Start of Given information

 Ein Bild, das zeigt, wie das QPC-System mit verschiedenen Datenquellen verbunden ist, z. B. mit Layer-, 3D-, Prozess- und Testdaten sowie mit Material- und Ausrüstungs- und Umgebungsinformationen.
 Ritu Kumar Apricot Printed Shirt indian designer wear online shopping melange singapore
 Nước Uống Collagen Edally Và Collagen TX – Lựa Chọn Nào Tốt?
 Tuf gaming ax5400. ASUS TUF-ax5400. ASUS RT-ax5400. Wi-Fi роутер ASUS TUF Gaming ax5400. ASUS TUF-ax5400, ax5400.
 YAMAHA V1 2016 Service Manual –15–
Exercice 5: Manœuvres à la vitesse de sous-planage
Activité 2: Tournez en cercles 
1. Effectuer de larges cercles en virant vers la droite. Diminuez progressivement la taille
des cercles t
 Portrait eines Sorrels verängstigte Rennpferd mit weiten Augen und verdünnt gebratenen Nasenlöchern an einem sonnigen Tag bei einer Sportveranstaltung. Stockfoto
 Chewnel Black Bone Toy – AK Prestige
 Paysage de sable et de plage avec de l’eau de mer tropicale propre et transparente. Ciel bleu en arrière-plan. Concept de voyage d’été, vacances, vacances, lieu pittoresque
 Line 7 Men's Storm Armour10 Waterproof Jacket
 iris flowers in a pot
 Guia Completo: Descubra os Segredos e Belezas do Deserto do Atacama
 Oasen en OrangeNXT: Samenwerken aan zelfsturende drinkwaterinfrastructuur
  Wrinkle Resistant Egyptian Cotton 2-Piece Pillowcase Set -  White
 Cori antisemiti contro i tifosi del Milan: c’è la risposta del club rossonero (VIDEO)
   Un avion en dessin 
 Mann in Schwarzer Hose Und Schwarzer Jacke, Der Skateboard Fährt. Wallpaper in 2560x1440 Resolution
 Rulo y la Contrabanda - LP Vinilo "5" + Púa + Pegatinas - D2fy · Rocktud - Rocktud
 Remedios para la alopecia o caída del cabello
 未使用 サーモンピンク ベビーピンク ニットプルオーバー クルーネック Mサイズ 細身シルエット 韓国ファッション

End of Given information

[What this task involves]: Could you write out exactly the lines above, starting at the first one and ending with the line that has "Rulo y la Contrabanda"?

[Answer to this exercise]:
 Ein Bild, das zeigt, wie das QPC-System mit verschiedenen Datenquellen verbunden ist, z. B. mit Layer-, 3D-, Prozess- und Testdaten sowie mit Material- und Ausrüstungs- und Umgebungsinformationen.
 Ritu Kumar Apricot Printed Shirt indian designer wear online shopping melange singapore
 Nước Uống Collagen Edally Và Collagen TX – Lựa Chọn Nào Tốt?
 Tuf gaming ax5400. ASUS TUF-ax5400. ASUS RT-ax5400. Wi-Fi роутер ASUS TUF Gaming ax5400. ASUS TUF-ax5400, ax5400.
 YAMAHA V1 2016 Service Manual –15–
Exercice 5: Manœuvres à la vitesse de sous-planage
Activité 2: Tournez en cercles 
1. Effectuer de larges cercles en virant vers la droite. Diminuez progressivement la taille
des cercles t
 Portrait eines Sorrels verängstigte Rennpferd mit weiten Augen und verdünnt gebratenen Nasenlöchern an einem sonnigen Tag bei einer Sportveranstaltung. Stockfoto
 Chewnel Black Bone Toy – AK Prestige
 Paysage de sable et de plage avec de l’eau de mer tropicale propre et transparente. Ciel bleu en arrière-plan. Concept de voyage d’été, vacances, vacances, lieu pittoresque
 Line 7 Men's Storm Armour10 Waterproof Jacket
 iris flowers in a pot
 Guia Completo: Descubra os Segredos e Belezas do Deserto do Atacama
 Oasen en OrangeNXT: Samenwerken aan zelfsturende drinkwaterinfrastructuur
  Wrinkle Resistant Egyptian Cotton 2-Piece Pillowcase Set -  White
 Cori antisemiti contro i tifosi del Milan: c’è la risposta del club rossonero (VIDEO)
   Un avion en dessin 
 Mann in Schwarzer Hose Und Schwarzer Jacke, Der Skateboard Fährt. Wallpaper in 2560x1440 Resolution
 Rulo y la Contrabanda - LP Vinilo "5" + Púa + Pegatinas - D2fy · Rocktud - Rocktud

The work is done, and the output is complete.